### DIRECTIONS FOR THIS TASK
Look through the data below and output, unchanged, every line from the one holding "what_is_the_masstone_of_tanglewood_sw_9607" through the one holding "The graph created", inclusive. Skip the pictures.

### TASK INPUT

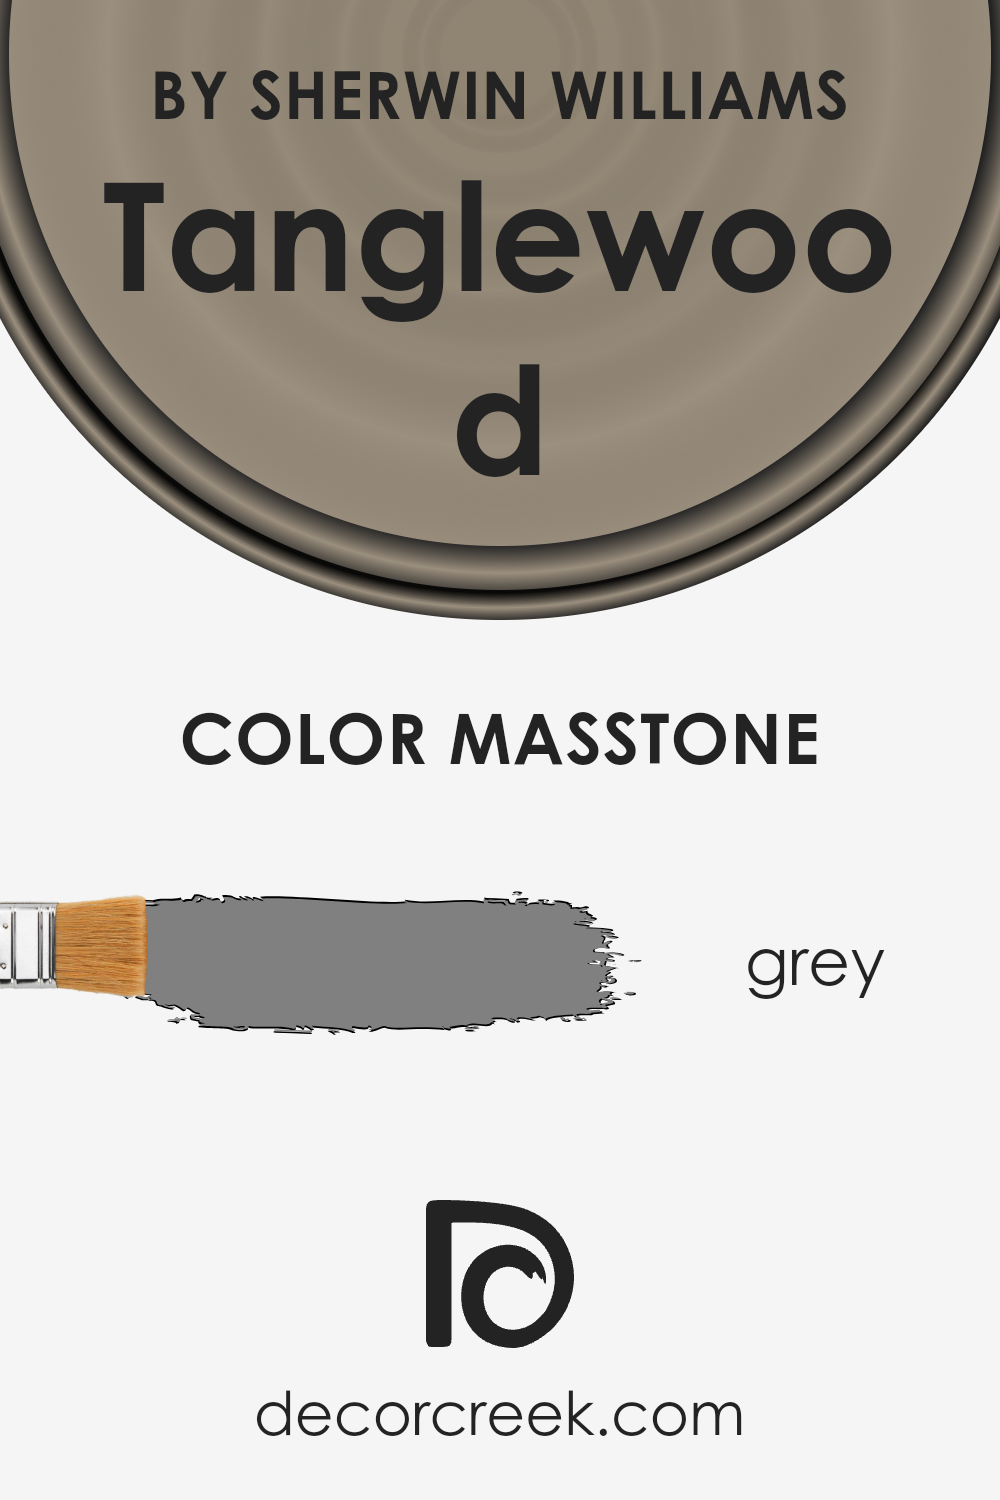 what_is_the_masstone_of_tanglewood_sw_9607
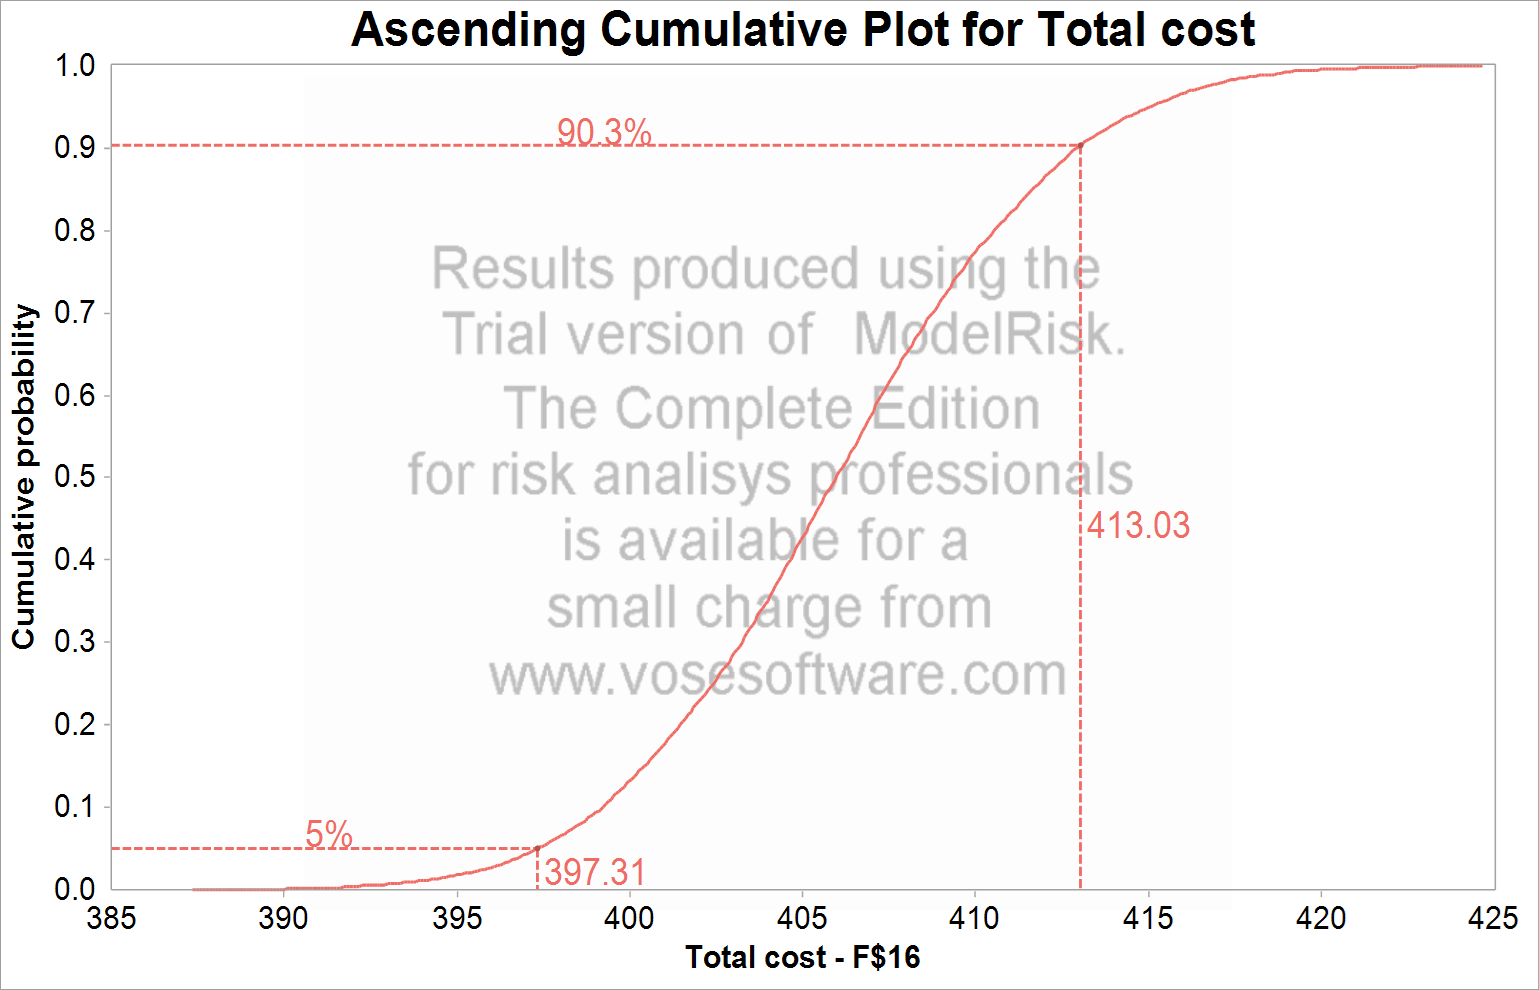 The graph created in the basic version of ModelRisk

* * *

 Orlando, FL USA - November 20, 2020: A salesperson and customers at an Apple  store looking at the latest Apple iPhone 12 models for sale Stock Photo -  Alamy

### TASK OUTPUT
 what_is_the_masstone_of_tanglewood_sw_9607
 The graph created in the basic version of ModelRisk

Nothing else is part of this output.